═══ Extracted entries

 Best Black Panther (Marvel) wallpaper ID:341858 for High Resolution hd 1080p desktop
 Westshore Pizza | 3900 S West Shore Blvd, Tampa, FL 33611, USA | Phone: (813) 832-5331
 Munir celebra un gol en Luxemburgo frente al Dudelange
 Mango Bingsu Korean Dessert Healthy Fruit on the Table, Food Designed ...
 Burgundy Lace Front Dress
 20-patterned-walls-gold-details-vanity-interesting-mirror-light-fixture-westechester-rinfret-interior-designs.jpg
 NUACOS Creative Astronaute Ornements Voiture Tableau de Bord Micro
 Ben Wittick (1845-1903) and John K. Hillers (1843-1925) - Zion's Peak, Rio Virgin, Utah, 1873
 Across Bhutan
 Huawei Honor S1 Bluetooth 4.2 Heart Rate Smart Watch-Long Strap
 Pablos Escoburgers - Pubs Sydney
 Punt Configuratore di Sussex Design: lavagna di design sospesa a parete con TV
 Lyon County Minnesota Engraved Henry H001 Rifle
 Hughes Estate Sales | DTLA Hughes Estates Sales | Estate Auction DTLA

══════

Each line from the one holding "Across Bhutan" down to the end of the records above is to be repeated exactly; no other line belongs in the reply.

§ **Solution to this exercise**:
 Across Bhutan
 Huawei Honor S1 Bluetooth 4.2 Heart Rate Smart Watch-Long Strap
 Pablos Escoburgers - Pubs Sydney
 Punt Configuratore di Sussex Design: lavagna di design sospesa a parete con TV
 Lyon County Minnesota Engraved Henry H001 Rifle
 Hughes Estate Sales | DTLA Hughes Estates Sales | Estate Auction DTLA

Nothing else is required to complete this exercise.